Captain Barton was amused one day at the discovery that his precocious daughter, who always eagerly encored his tales of conquerors and leaders, thought of their greatness in images of quite literal and realistic bigness. A president must, for instance, be as large as a house, and a vice-president as spacious as a barn door at the very least. But these somewhat crude conceptions did not put a check on the epic recitals of the retired officer, who, in the intervals of active service in plowed fields or in pastures where his thoroughbreds grazed with their mettlesome colts, liked to live over the days when he served under "Mad Anthony" Wayne in the Revolutionary War, and had a share in the thrilling adventures of the Western frontier.
Clara was only five years old when Brother David taught her to ride. "Learning to ride is just learning a horse," said this daring youth, who was the "Buffalo Bill" of the surrounding country.
"How can I learn a horse, David?" quavered the child, as the high-spirited animals came whinnying to the pasture bars at her brother's call.

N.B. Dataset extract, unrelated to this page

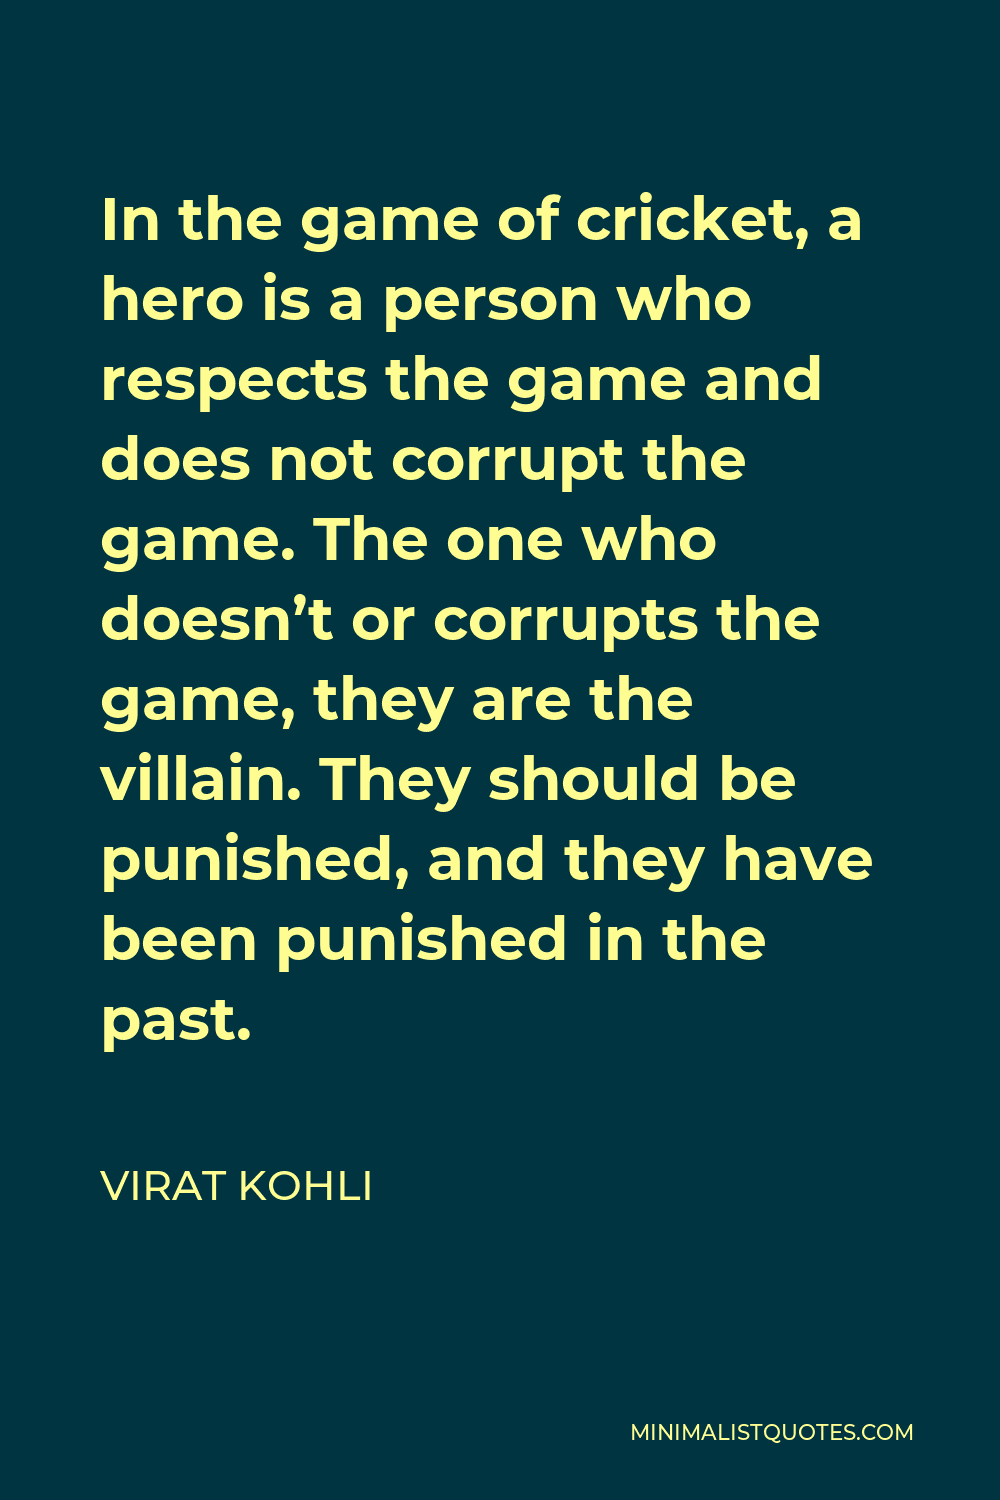 Virat Kohli Quote - In the game of cricket, a hero is a person who respects the game and does not corrupt the game. The one who doesn’t or corrupts the game, they are the villain. They should be punished, and they have been punished in the past.

"Catch hold of his mane, Clara, and just feel the horse a part of yourself—the big half for the time being," said David, as he put her on the back of a colt that was broken only to bit and halter, and, easily springing on his favorite, held the reins of both in one hand, while he steadied the small sister with the other by seizing hold of one excited foot.
They went over the fields at a gallop that first day, and soon little Clara and her mount understood each other so well that her riding feats became almost as far-famed as those of her brother. The time came when her skill and confidence on horseback—her power to feel the animal she rode a part of herself and keep her place in any sort of saddle through night-long gallops—meant the saving of many lives.
David taught her many other practical things that helped to make her steady and self-reliant in the face of emergencies. She learned, for instance, to drive a nail straight, and to tie a knot that would hold. Eye and hand were trained to work together with quick decision that made for readiness and efficiency in dealing with a situation, whether it meant the packing of a box, or first-aid measures after an accident on the skating-pond.
She was always an outdoor child, with dogs, horses, and ducks for playfellows. The fuzzy ducklings were the best sort of dolls. Sometimes when wild ducks visited the pond and all her waddling favorites began to flap their wings excitedly, it seemed that her young heart felt, too, the call of large, free spaces.
"The only real fun is to do things," she used to say.
She rode after the cows, helped in the milking and churning, and followed her father about, dropping potatoes in their holes or helping weed the garden. Once, when the house was being painted, she begged to be allowed to assist in the work, even learning to grind the pigments and mix the colors. The family was at first amused and then amazed at the persistency of her application as day after day she donned her apron and fell to work.
They were not less astonished when she wanted to learn the work of the weavers in her brothers' satinet mills. At first, her mother refused this extraordinary request; but Stephen, who understood the intensity of her craving to do things, took her part; and at the end of her first week at the flying shuttle Clara had the satisfaction of finding that her cloth was passed as first-quality goods. Her career as a weaver was of short duration, however, owing to a fire which destroyed the mills.